◆ **EXERCISE BRIEF**
Reproduce, exactly and only, the lines of the data that follows from the one containing "Vaya desorden, un poema de Daniel Ramírez." down to the one containing "gold star lantern", without pictures.

◆ **SUPPLIED ENTRIES**
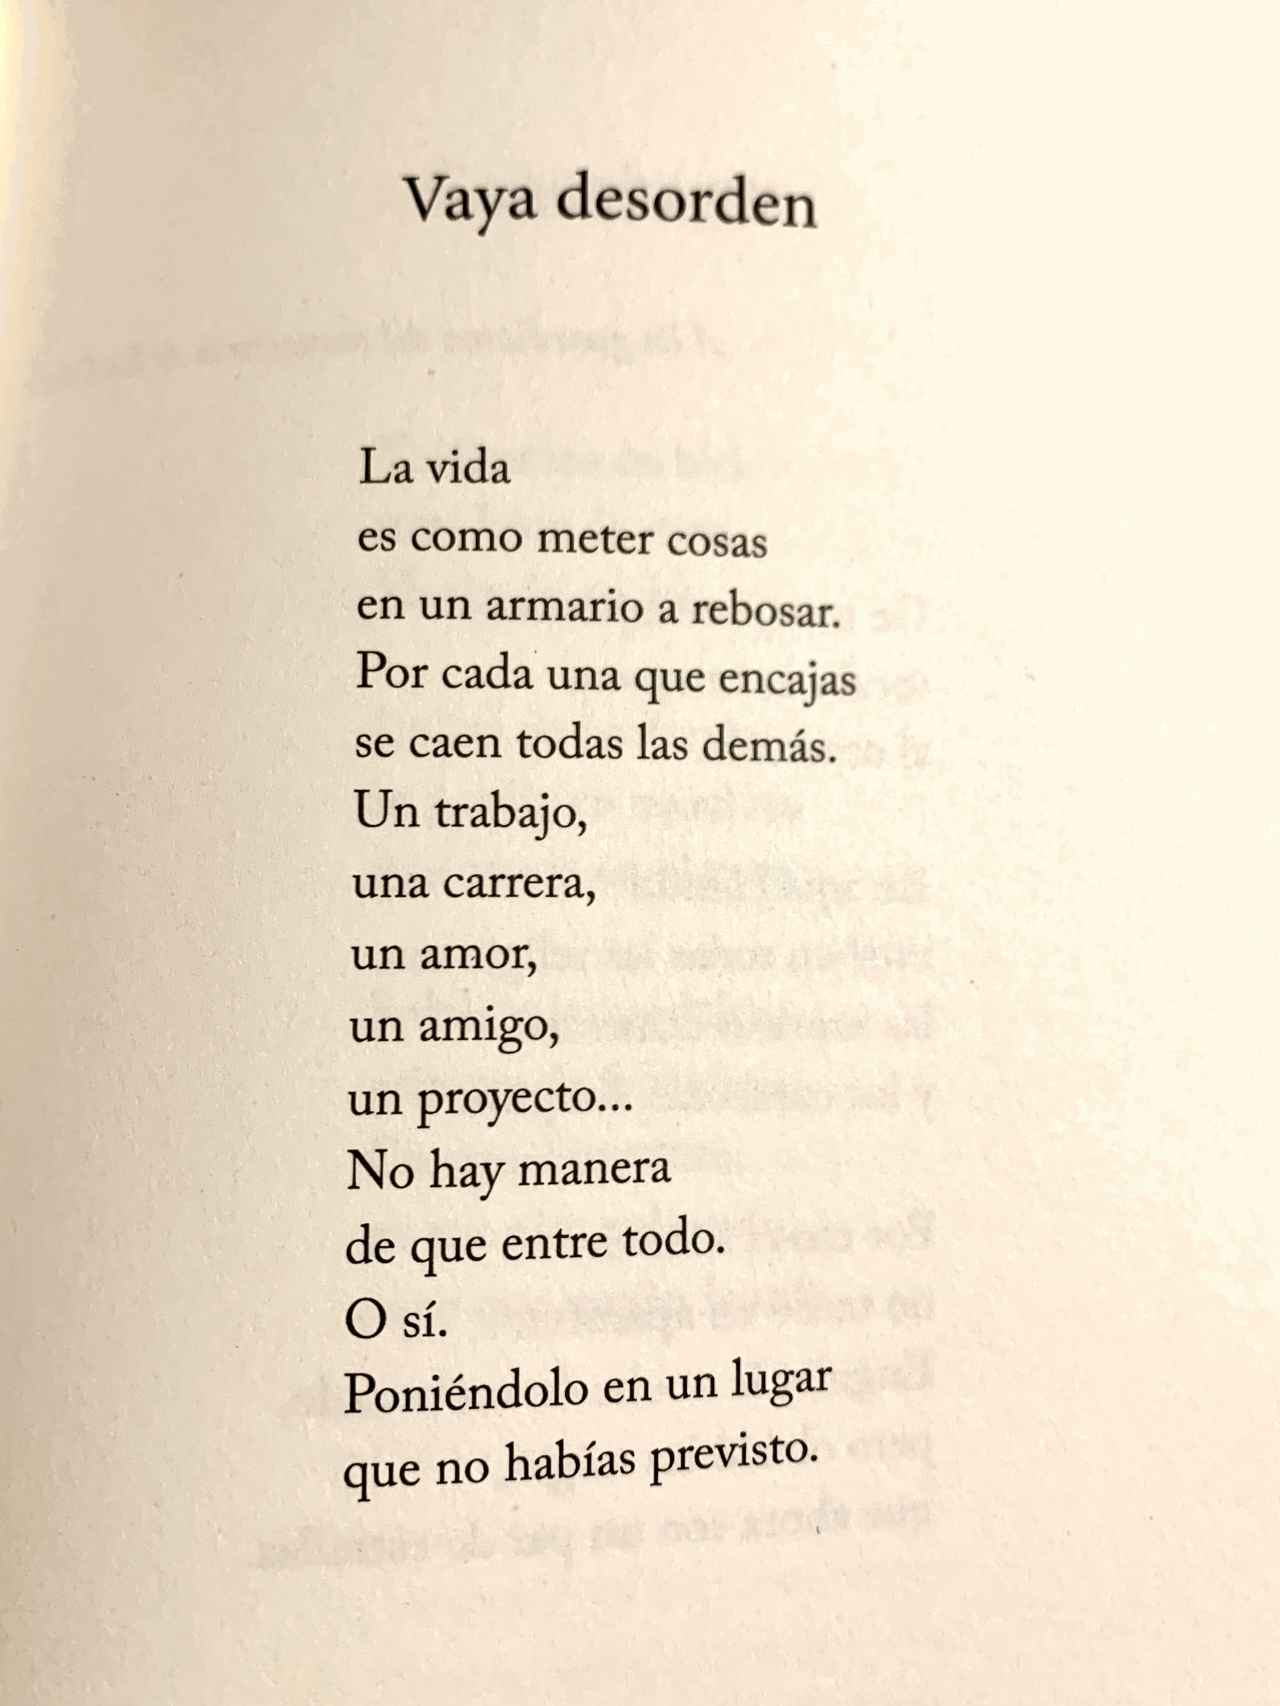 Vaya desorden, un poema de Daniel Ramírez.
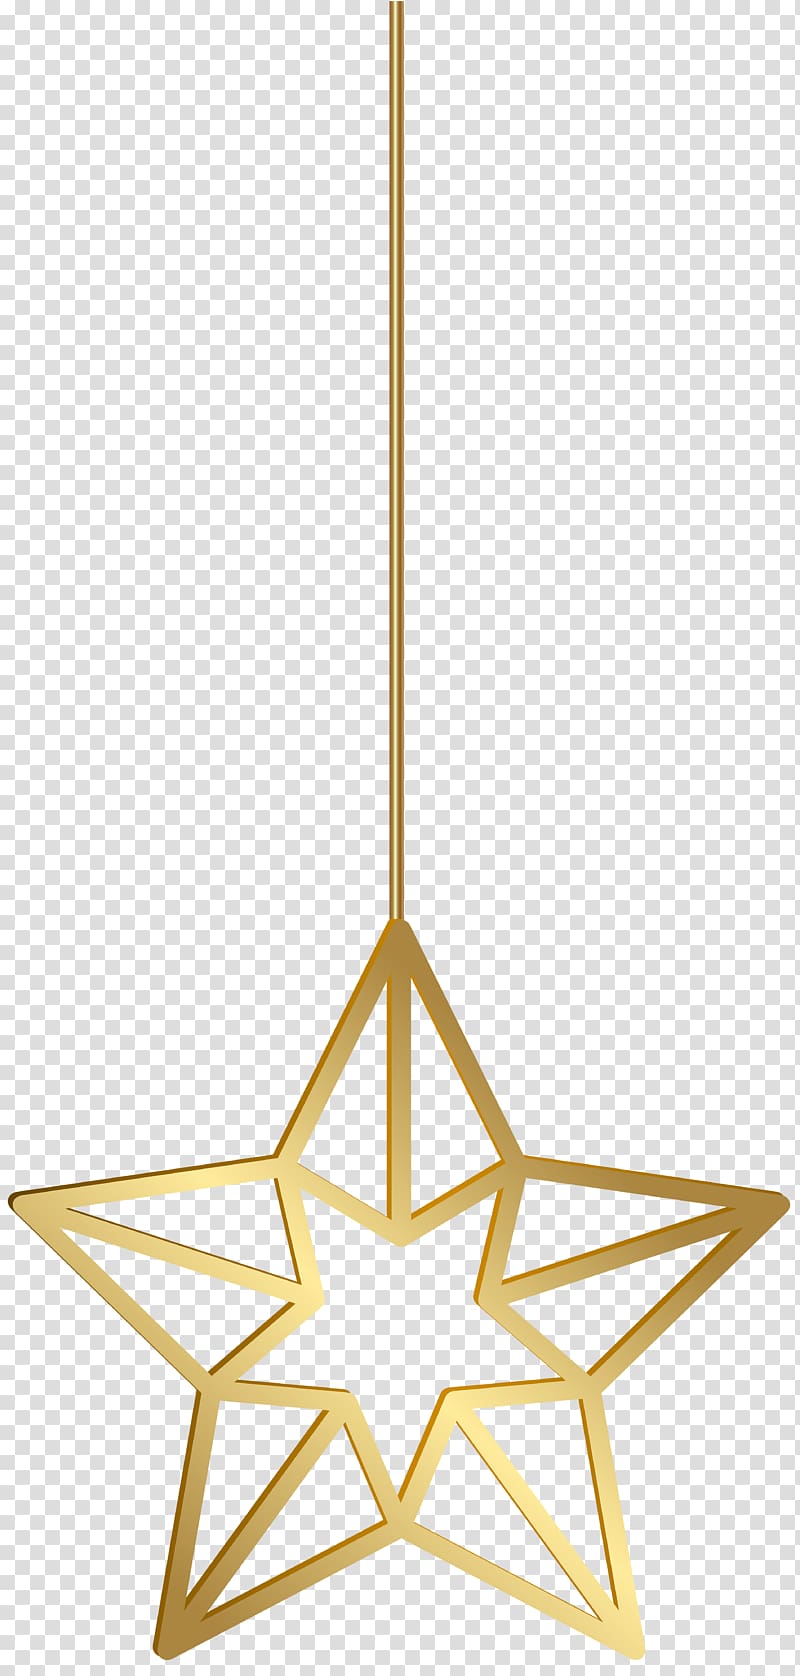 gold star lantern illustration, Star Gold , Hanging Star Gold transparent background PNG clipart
==
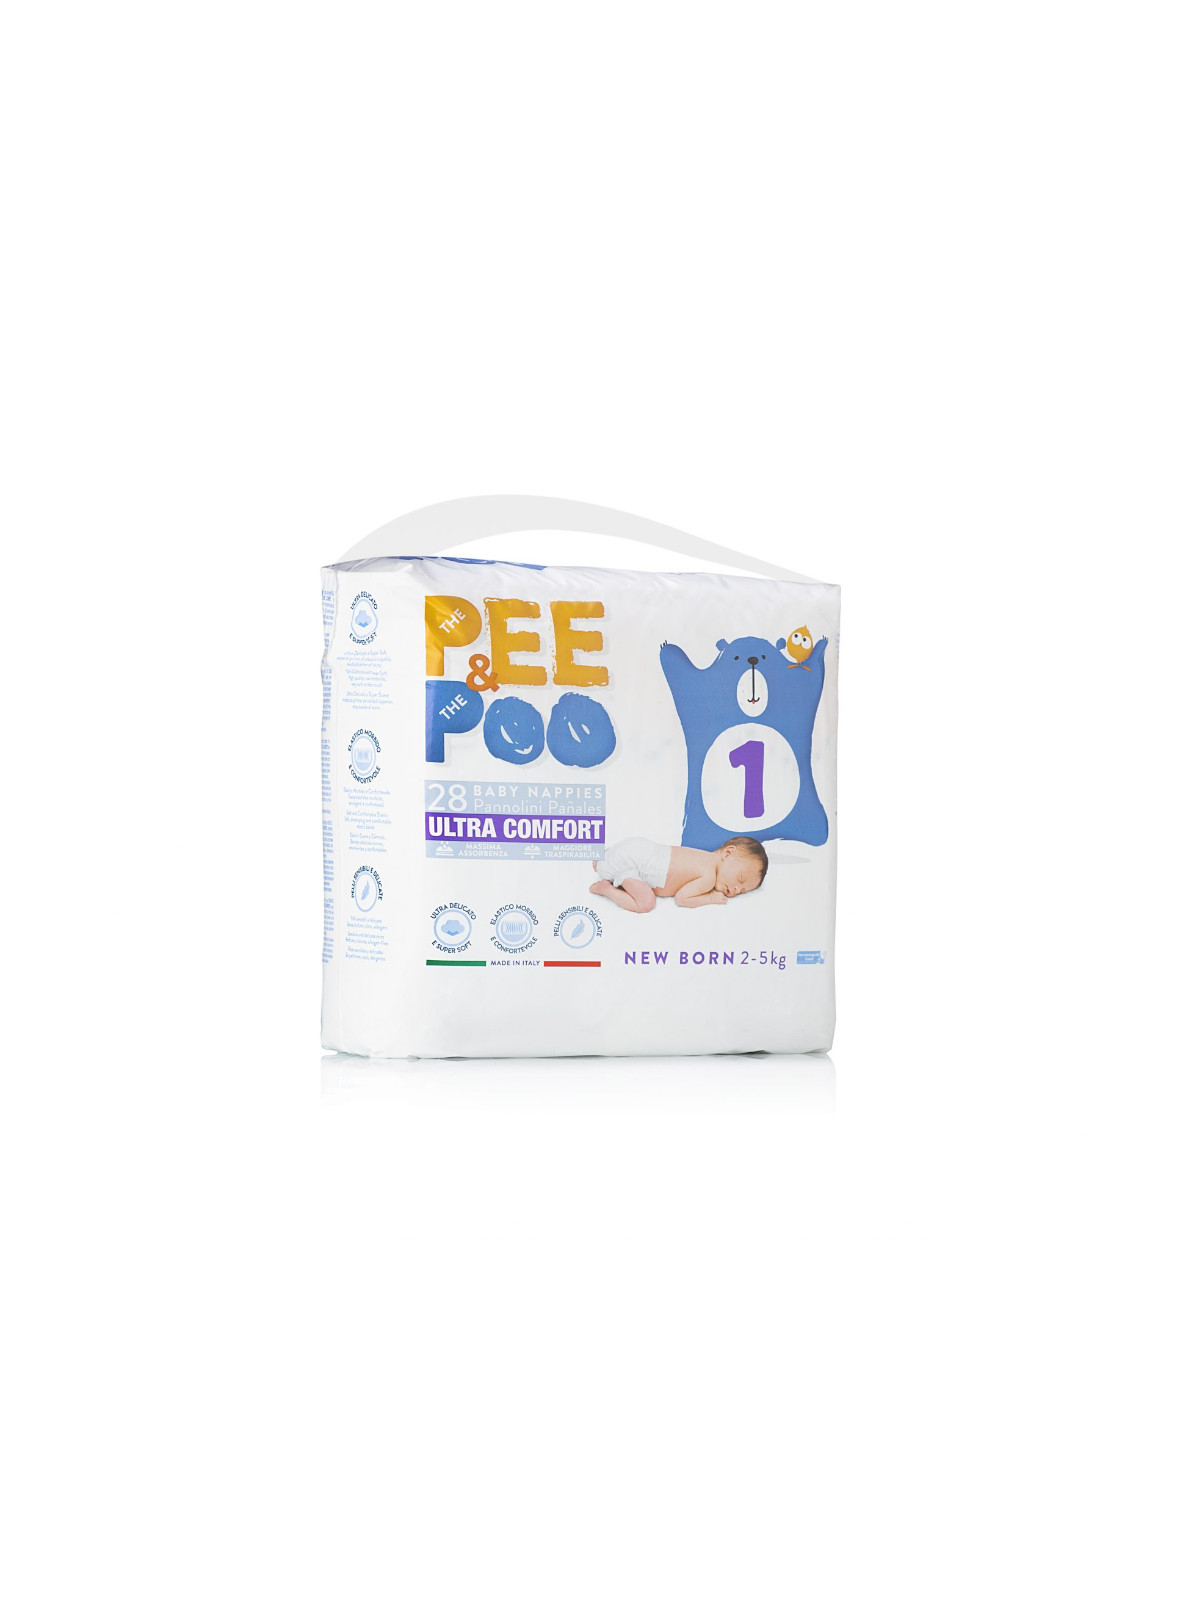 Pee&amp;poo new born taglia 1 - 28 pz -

◆ **TASK ANSWER**
 Vaya desorden, un poema de Daniel Ramírez.
 gold star lantern illustration, Star Gold , Hanging Star Gold transparent background PNG clipart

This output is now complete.